Dans ces situations, il faudrait probablement se poser la question sur comment la Turquie prévoit de gérer ces tensions existantes avec plusieurs de ses voisins de la Méditerranée. Et ce au moment même des tensions existantes en Syrie – certes un peu apaisées suite à l’accord de cessez-le-feu conclu entre les présidents Poutine et Erdogan à Moscou.
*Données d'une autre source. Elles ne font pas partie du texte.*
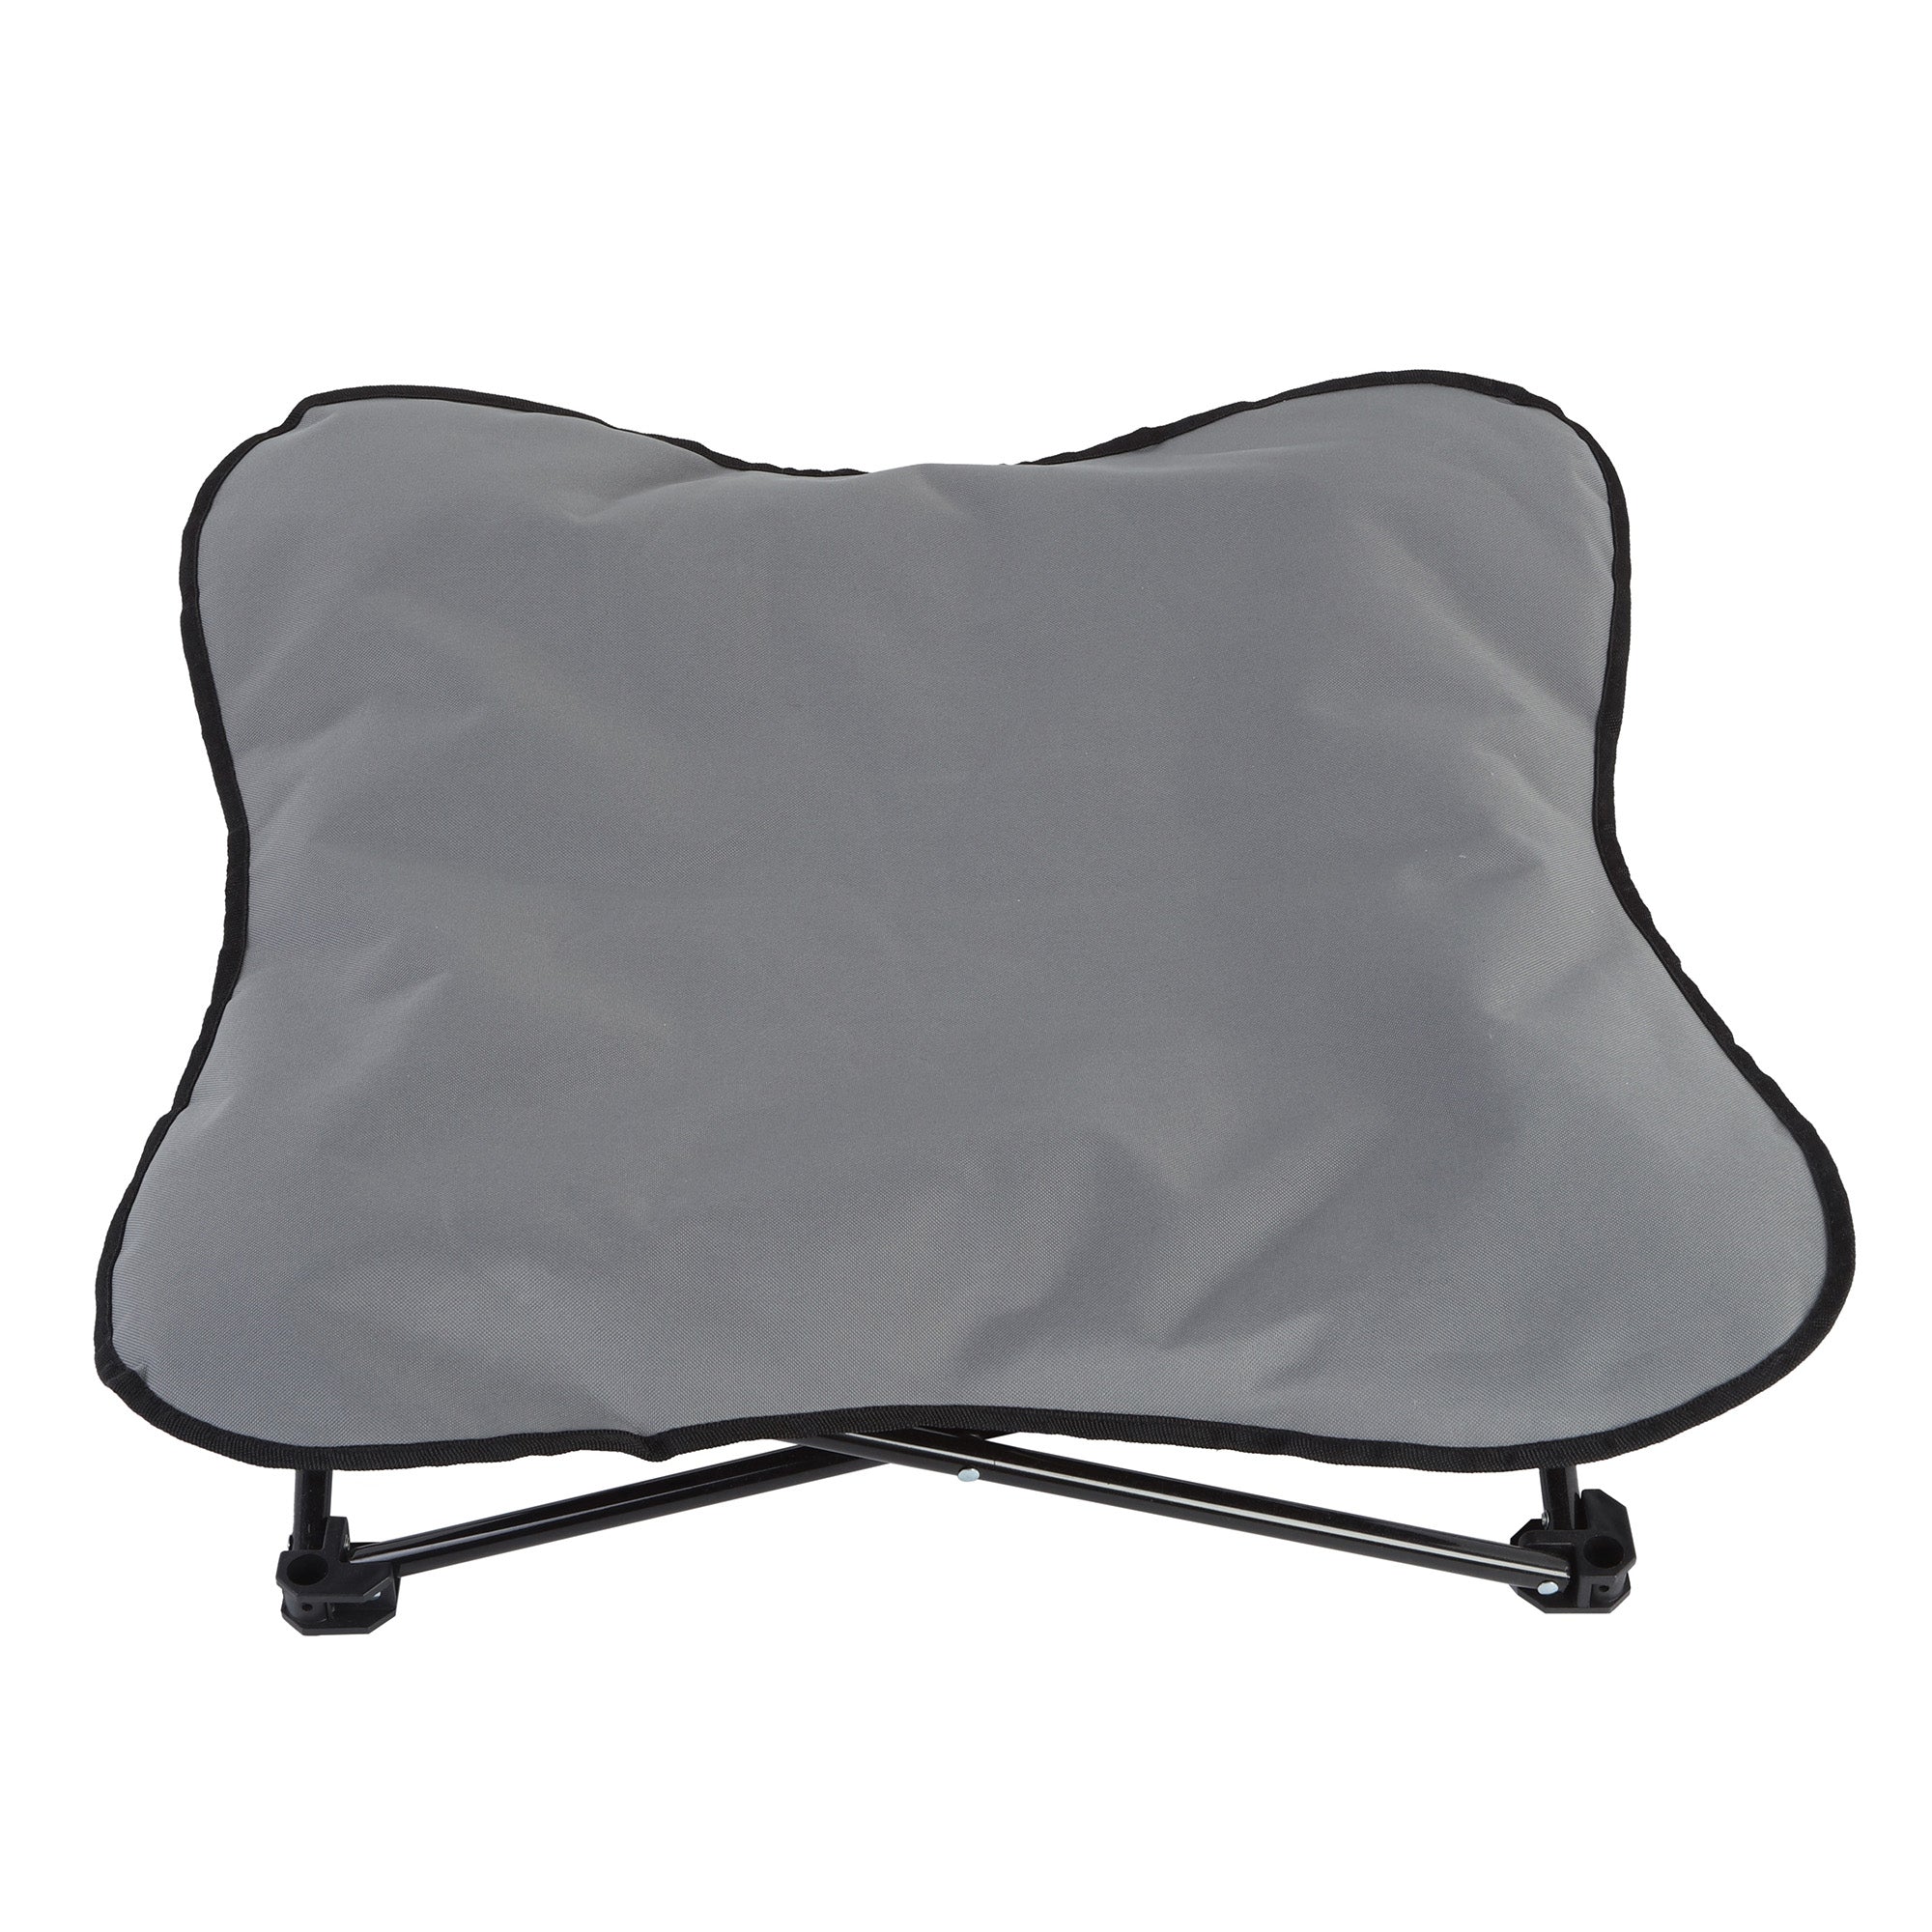 Charlie's Portable and Foldable Outdoor Pet Chair - Grey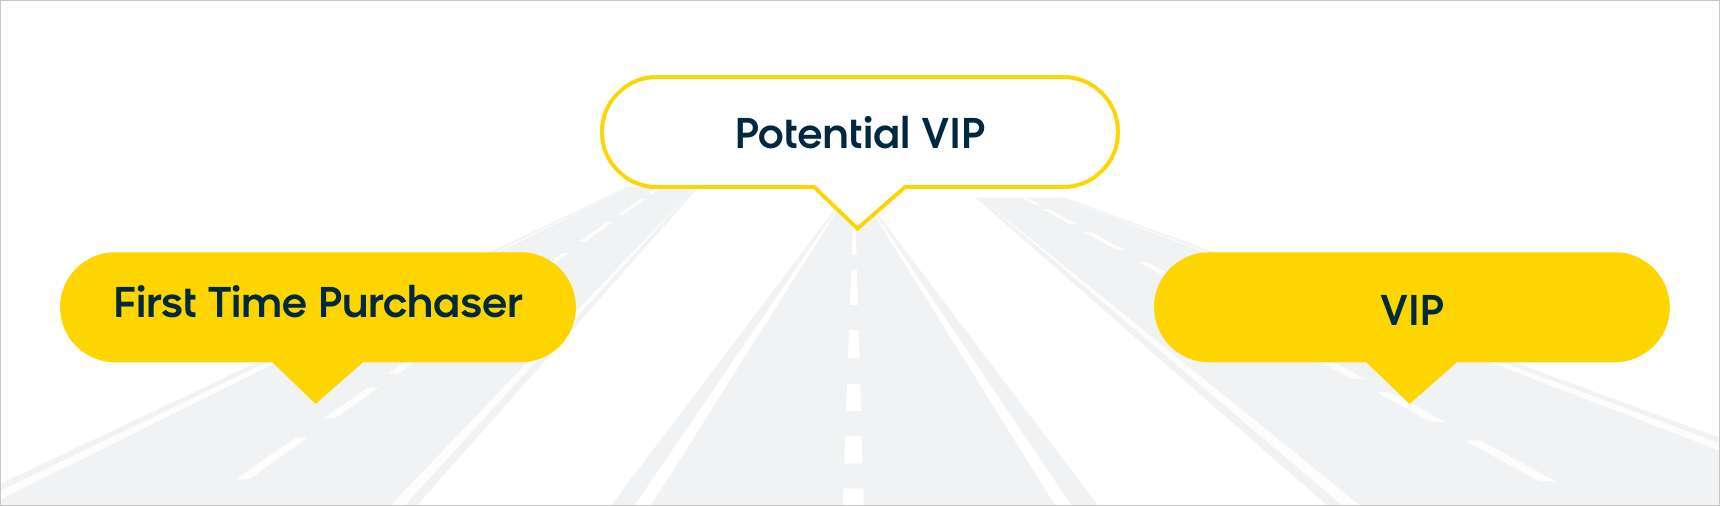 Identifying potential VIPs can help you segment customers to maximize customer lifetime value.

La Turquie, dont les ambitions internationales ne sont pas à démontrer, sera-t-elle en mesure de jouer sur plusieurs tableaux indéfiniment et surtout pouvoir gérer l’aspect relationnel avec ses alliés de l’Otan, et ce au moment même où les partenaires eurasiens d’Ankara observent avec attention ses agissements ? Là est toute la question.

Une chose est pour autant certaine, la politique de la multiple chaise et les contradictions existantes au sein de son propre « camp », ne vont pas lui faciliter la tâche.

Mikhail Gamandiy-Egorov

 

Source : http://www.observateurcontinental.fr/?module=articles&action=view&id=1450



4 réactions


  • Clark Kent Séraphin Lampion 13 mars 2020 10:33

    il n’y a pas de pacte entre les pays « occidentaux » et la Turquie, même si cette dernière est toujours membre de l’OTAN, mais seulement des tactiques de circonstances contradictoires entre elles

    Erdogan, figure de proue de ce qui reste des frères musulmans, caresse toujours le rêve de la résurrection de l’empire ottoman

    il vient d’essuyer un gros échec en Syrie : il n’a pas pu annexer le territoire visé et il n’a pas disloqué les forces kurdes

    que luir reste-t-il d’autre que de faire profil bas et prêter allégeance à la fois aux Russes et aux Occidentaux pour maintenir sa position peu enviable d’atout à sacrifier dans une partie de poker menteur ?


    • generation désenchantée 13 mars 2020 21:39

      @Séraphin Lampion

      Une chose intéressante sur Erdogan , c’est sa mégalomanie
      Juste un exemple le nouveau palais présidentiel turc , 200 000 m2 , 1000 pièces

      https://fr.wikipedia.org/wiki/Palais_pr%C3%A9sidentiel_(Turquie)


    • Jonas Jonas 13 mars 2020 22:47

      @generation désenchantée « Une chose intéressante sur Erdogan , c’est sa mégalomanie »

      Erdogan, qui se voit comme le nouveau sultan de l’empire ottoman, envoie en première ligne ses armées de migrants islamisés à la conquête de l’Europe.

      Mais quand l’Europe était christianisée, elle pouvait s’unir contre une menace commune.
      Les Ottomans, qui ont colonisé et dévasté la Grèce, l’Albanie, la Hongrie, la Serbie, la Bulgarie pendant des siècles, et qui ont tenté de s’emparer de Vienne en Autriche (1529 et 1683) pour islamiser l’Europe, ont été repoussés et liquidés sous l’unité des coalitions catholiques (chevaliers des Dragons, les Templiers, ordre de Malte, Saint Jean de Jérusalem, etc...).
      Ce que l’Europe ne peut plus faire aujourd’hui face au retour de la menace turque, s’étant sécularisée par la maçonnerie, l’athéisme militant et l’anti-catholicisme.


  • L'apostilleur L’apostilleur 14 mars 2020 09:40

    La Turquie est un cailloux à double tranchant dans la chaussure de l’Europe (voir de l’OTAN). Au caractère historiquement égémonique des ottomans refoulés sur l’actuel Turquie en 1918, s’ajoute celui d’un islam immiscible que ses déviances extrémistes insupportent par ailleurs. Erdogan aurait probablement « envahi » une Europe impregnée de ses valeurs universelles qui aurait pu lui ouvrir ses portes, s’il avait suivi les pas d’un Atatürk européaniste. Au lieu de cela, il creuse le fossé d’une séparation durable avec l’Occident qu’une visite à Chypre nord (*) ou dans les Balkans permettra de mesurer pour qui en douterait.